Posted on:2014-07-24Degree:Ph.DType:Thesis
University:The Claremont Graduate UniversityCandidate:Flaum, Tami EnglandFull Text:PDF
GTID:2455390005999956Subject:religion
Abstract/Summary:
If the goal of philosophy is indeed understanding, then philosophers have to shift their approach to religion. The study of religion must acknowledge that there are limits to understanding religion, that the limit of religious mystery is important information about it, and that within those very limits are real possibilities. The thesis of this dissertation is that religious belief is often distorted by both believers and non-believers, that it is not good philosophy to assume we know what belief is and not to entertain other possibilities, and that religious language needs to be taken as unique in order to be properly understood.;Flannery O'Connor addresses the desire in modernity to get rid of uncertainty when she talks about our discomfort with mystery and our drive to answer all questions. Even those scholars who are religious believers have often make belief into an intellectual exercise rather than a religious one.

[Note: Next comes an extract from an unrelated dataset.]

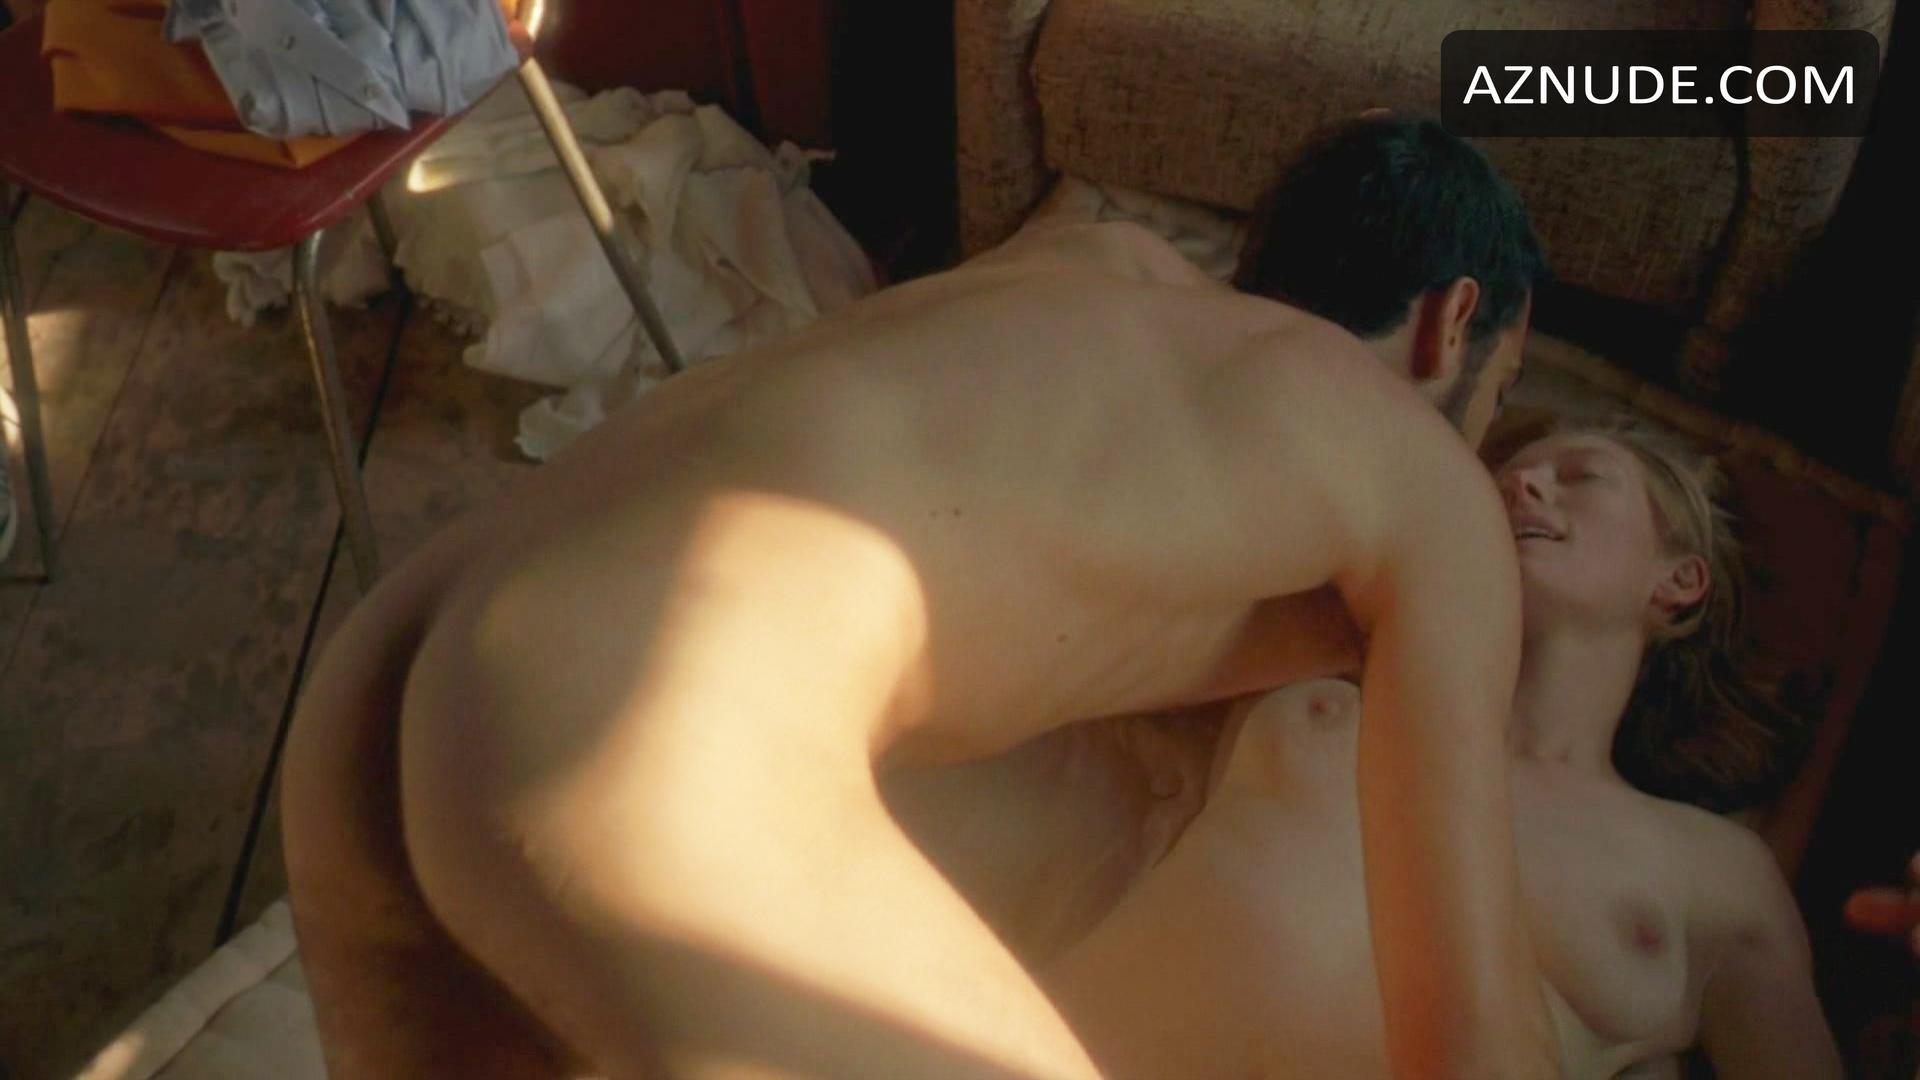 Terminator love scene girl nude apologise, that

While religion and God are often thought of as ways to explain away uncertainty and escape from suffering, O'Connor and D.Z. Phillips see them as expressions of uncertainty and suffering.;Phillips distinguishes between explaining and contemplating in philosophy: to explain contingencies is to refer to things outside of the experience; but to contemplate them is to take them as they are. To attempt to explain uncertainty and suffering is to reduce life and God to statements of fact. The difference is that when there are inexplicable events, grace does not make them understandable, grace makes them bearable. This understanding of religion acknowledges the beauty as well as the horror in life, not glossing over one in order to lift up the other, but finding one within the other.;If philosophers see ambivalence as an integral part of religious belief, then it is possible to give a more adequate account of religion. The anthropomorphic and naturalistic view of religion maintains an untenable dualism that distorts the human experience. Only by understanding religious language as unique and religion as a response to mystery can philosophy make sense of the experience of life as both absurd and miraculous.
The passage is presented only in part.